Data extracted from a collection

>>>>

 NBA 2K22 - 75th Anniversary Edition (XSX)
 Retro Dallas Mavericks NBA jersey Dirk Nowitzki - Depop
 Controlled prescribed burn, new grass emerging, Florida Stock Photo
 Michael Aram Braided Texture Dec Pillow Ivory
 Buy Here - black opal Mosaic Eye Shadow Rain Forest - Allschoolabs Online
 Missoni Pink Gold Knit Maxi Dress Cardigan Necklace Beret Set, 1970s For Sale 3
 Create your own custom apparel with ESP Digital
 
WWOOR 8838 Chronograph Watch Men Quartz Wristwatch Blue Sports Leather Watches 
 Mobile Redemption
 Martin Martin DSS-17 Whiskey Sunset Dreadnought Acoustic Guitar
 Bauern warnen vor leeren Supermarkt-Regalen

<<<<

Every entry above should be transcribed exactly and in full.

● EXERCISE OUTPUT
 NBA 2K22 - 75th Anniversary Edition (XSX)
 Retro Dallas Mavericks NBA jersey Dirk Nowitzki - Depop
 Controlled prescribed burn, new grass emerging, Florida Stock Photo
 Michael Aram Braided Texture Dec Pillow Ivory
 Buy Here - black opal Mosaic Eye Shadow Rain Forest - Allschoolabs Online
 Missoni Pink Gold Knit Maxi Dress Cardigan Necklace Beret Set, 1970s For Sale 3
 Create your own custom apparel with ESP Digital
 
WWOOR 8838 Chronograph Watch Men Quartz Wristwatch Blue Sports Leather Watches 
 Mobile Redemption
 Martin Martin DSS-17 Whiskey Sunset Dreadnought Acoustic Guitar
 Bauern warnen vor leeren Supermarkt-Regalen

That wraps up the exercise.